The Economics of Buying Better Digital Ads. You Can Too

Previously, I wrote about the Economics of Ad Fraud (Forbes, June 2020). We talked about the ease of carrying out ad fraud, how scalable it was, and how low cost and low risk it was for criminals to continue it. Today I will talk about the economics of buying better ads and why advertisers should pay higher CPMs and buy from real publishers with real human audiences.

CPMs are prices, not cost

You want to do better digital marketing, right? You want your digital marketing campaigns to work better, right? Well, that means more business outcomes and lower cost per outcome, not lower prices, more quantity of ad impressions, and more clicks. Digital marketing is not a video game, where bigger numbers mean you win. I see far too many advertisers boast about their "spend" and not enough of them boast about their outcomes. But outcomes are what matter, not how much you spent or how big your digital ad budgets were.

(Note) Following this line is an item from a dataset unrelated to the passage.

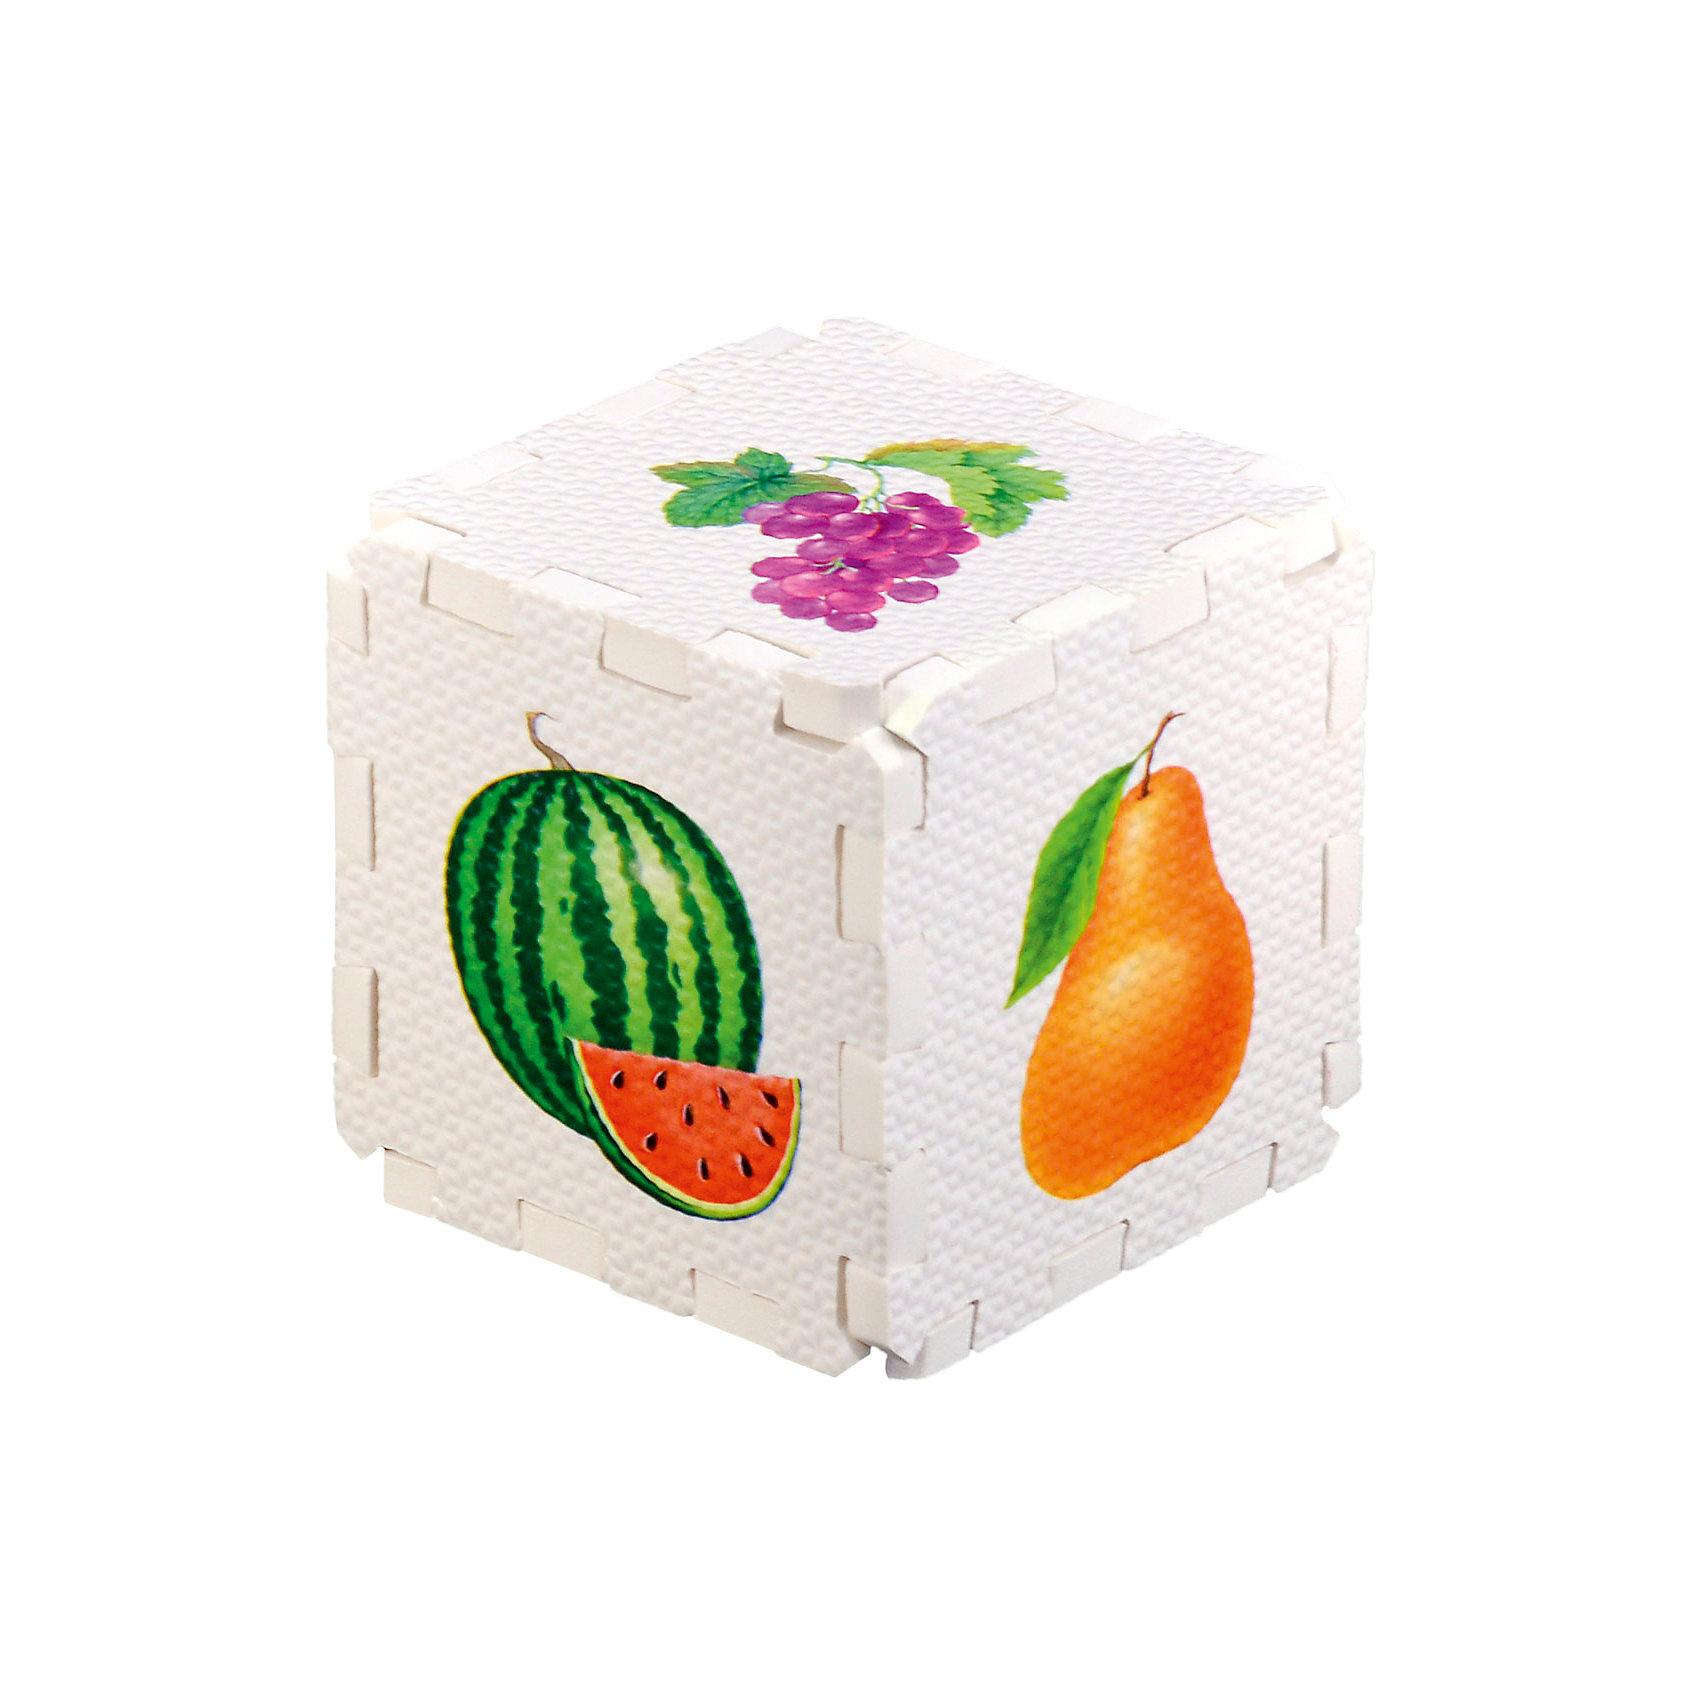 Кубик EVA Фрукты и ягодыПервые книги малыша<br>Набор состоит из 6 больших деталей-пазлов, которые можно собрать в объёмный кубик. Собирая кубик и играя с его деталями, малыши тренируют мелкую моторику, развивают мышление, память, внимание, а также получают навыки творческого конструирования.<br>Детали-пазлы сделаны из экологически чистого и гипоаллергенного материала ЭВА (EVA), который не имеет цвета, запаха и вкуса, а значит, идеально подходит для первых развивающих игрушек и игр.<br>Особенности пазлов ЭВА открывают дополнительные возможности для различных игровых сюжетов:<br>- детали-пазлы можно грызть, мять, гнуть, сжимать и мочить, и при этом они не испортятся; <br>- с набором можно играть в воде, детали плавают и легко крепятся к кафелю и стенкам ванны; <br>- уникальная технология печати картинок на пазлах передаёт все оттенки цветов, и дети быстрее учатся узнавать нарисованные на них предметы в окружающем мире; <br>- набор идеально подходит для развития детской моторики, сенсорики, навыков конструирования; <br>- детали-пазлы из разных наборов подходят к друг другу, вы легко можете комбинировать разные наборы.<br><br>Дополнительная информация:<br><br>- Материал: ЭВА.<br>- Размер: 25,5х24 см. <br>- Толщина детали-пазла: 3 см. <br>- Комплектация: 6 деталей.<br>- Детали-пазлы подходят к другим наборам. <br>- Используются стойкие гипоаллергенный красители.<br>- Подходит для игр в воде. <br><br>Кубик EVA - сортер Фрукты и ягоды можно купить в нашем магазине.<br><br>Ширина мм: 255<br>Глубина мм: 240<br>Высота мм: 10<br>Вес г: 72<br>Возраст от месяцев: 12<br>Возраст до месяцев: 36<br>Пол: Унисекс<br>Возраст: Детский<br>SKU: 4545592

Even though CPM stands for "cost per mille" or "cost per thousand" it's a horrible misnomer that has misled advertisers for the last 2 decades. CPMs are prices, the price you pay for every thousand ad impressions. Price times quantity gives you your cost. Years ago you purchased ads at $30 CPMs (price). Now you buy ads at $3 CPMs (price). But you are buying 10 times the quantity. So your total cost is still $30 ($3 x 10). In other words you did not save any costs by buying at $3 CPM (price). $3 is not your cost. But, by buying at such low CPMs, your ads are not going to legitimate publishers with human audiences. That is because they cannot afford to sell ads at such low CPM prices. They have real journalists, and real editors, and real costs of producing the content. Fake sites have little to no costs of content because they just plagiarize it all, text and pictures too.

Greater than 50% tax

When you buy through programmatic channels, you are also paying at least a 50% tax, which is hidden from view and typically ignored by the advertisers. For every dollar you spend, less than 50% of it goes to the publisher for showing the ads. Think of this as the equivalent of "working media" in traditional advertising like TV advertising. You want most of your dollar to go towards showing ads, not to line the pockets and profit margins of ad tech middlemen, right? As long as you buy through programmatic channels, you are paying at least a 50% tax to these middleleeches, and it's usually hidden from view. How does that happen?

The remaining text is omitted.